FYI, they added a lot more formats to the list after that.
Preferred
1. Platform-independent, character-based formats are preferred over native or binary formats as long as data is complete, and retains full detail and precision. Preferred formats include well-developed, widely adopted, de facto marketplace standards, e.g.
a. Formats using well known schemas with public validation tool available
b. Line-oriented, e.g. TSV, CSV, fixed-width
c. Platform-independent open formats, e.g. .db, .db3, .sqlite, .sqlite3
2. Any proprietary format that is a de facto standard for a profession or supported by multiple tools (e.g. Excel .xls or .xlsx, Shapefile)

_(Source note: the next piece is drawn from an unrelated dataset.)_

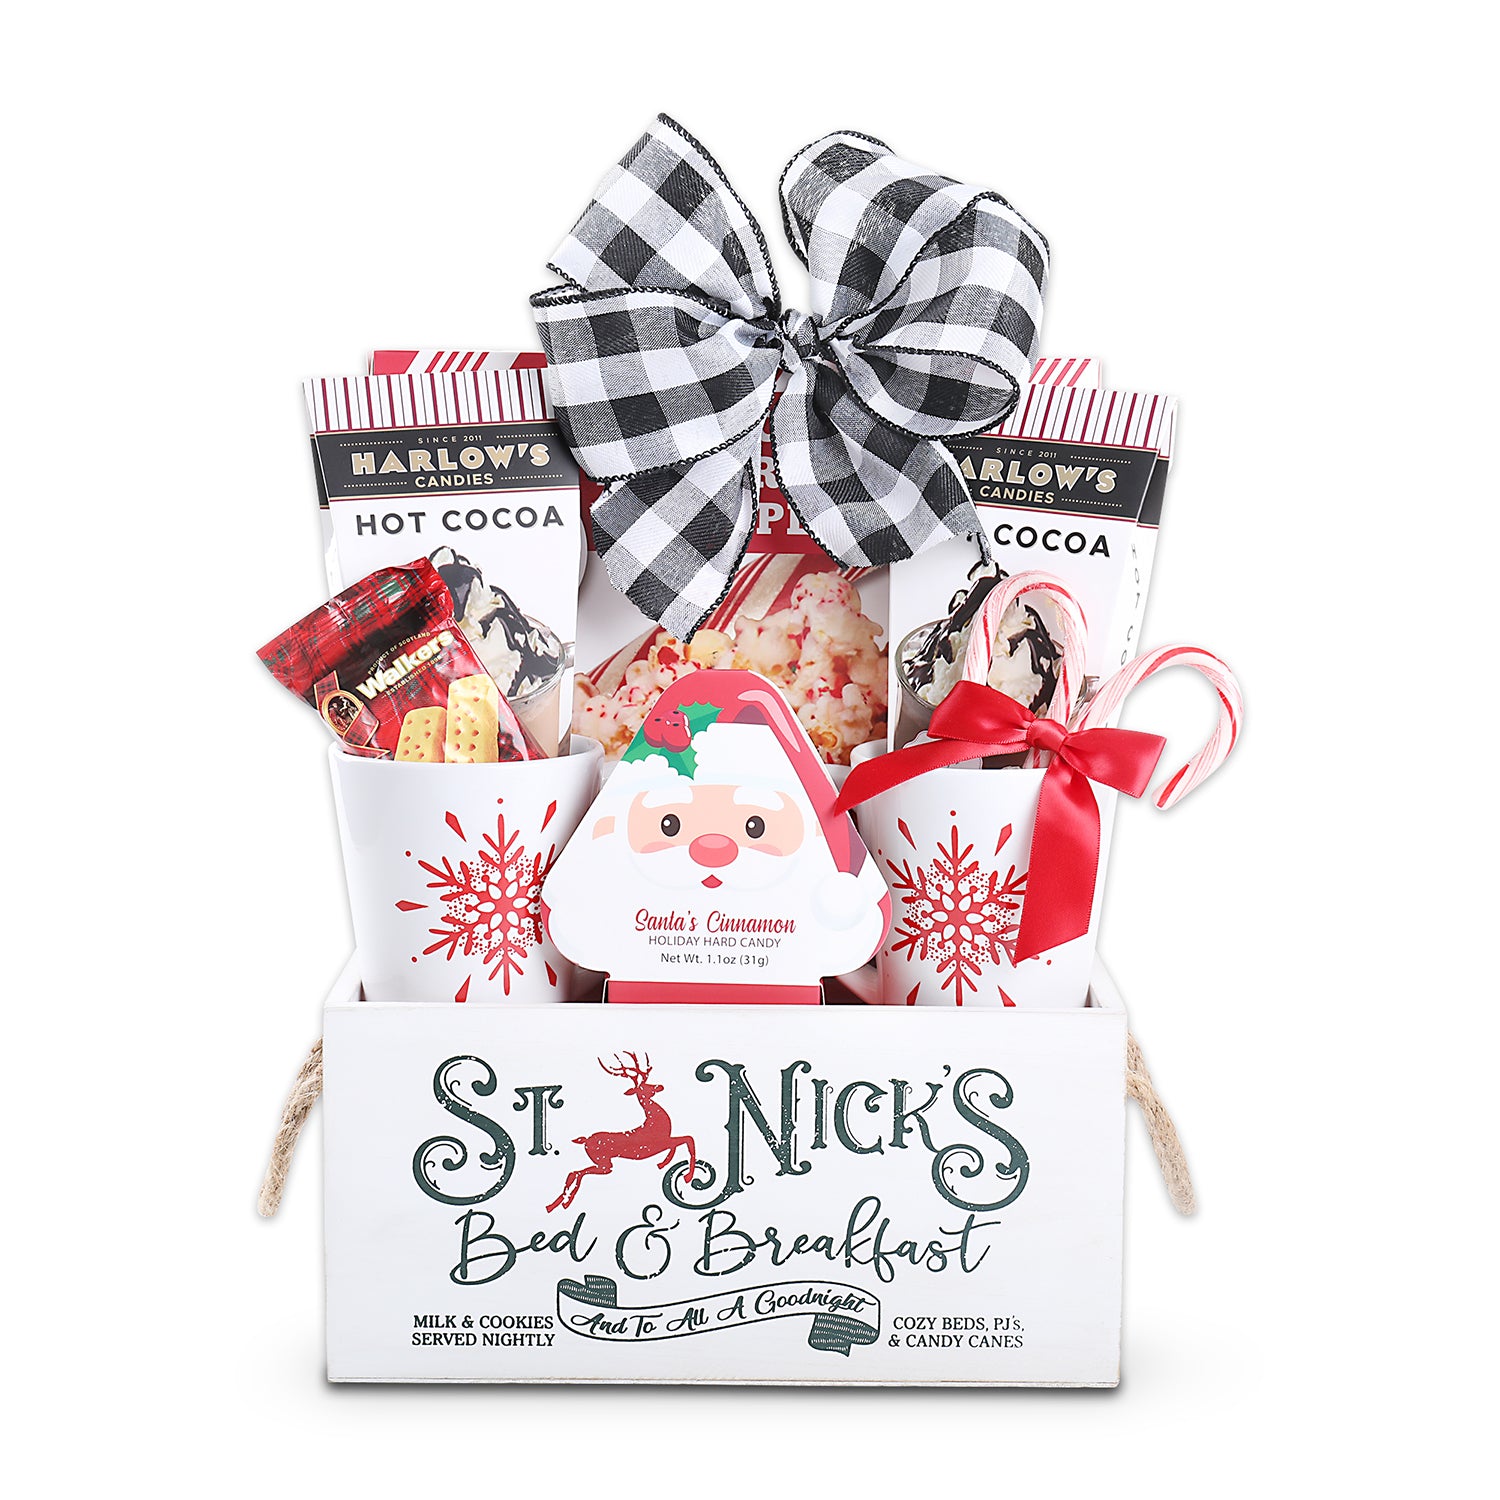 St Nicks Wooden Crate (10.25x6x5"), Candy Cane Popcorn (6oz), Harlow's Hot Cocoa (2), Candy Cane (2pk), Santa's Cinnamon Hard Candy (1.1oz), Walkers Shortbread Fingers (1.0oz), 2 Ceramic Mugs

3. Character Encoding, in descending order of preference:
a. UTF-8, UTF-16 (with BOM),
b. US-ASCII or ISO 8859-1
c. Other named encoding
---
Acceptable
For data (in order of preference):
1. Non-proprietary, publicly documented formats endorsed as standards by a professional community or government agency, e.g. CDF, HDF
2. Text-based data formats with available schema
For aggregation or transfer:
1. ZIP, RAR, tar, 7z with no encryption, password or other protection mechanisms.
https://www.loc.gov/preservation/resources/rfs/data.html
.7z being there just discredits the entire process. The underlying compression algorithm is a free-hand one and can be anything[0], or contain bugs and exploits[1]. Personally I use only zstd with .7z which is 'non-standard' by the official (Russian) release.
[0]: https://7-zip.org/7z.html
[1]: CVE-2025-0411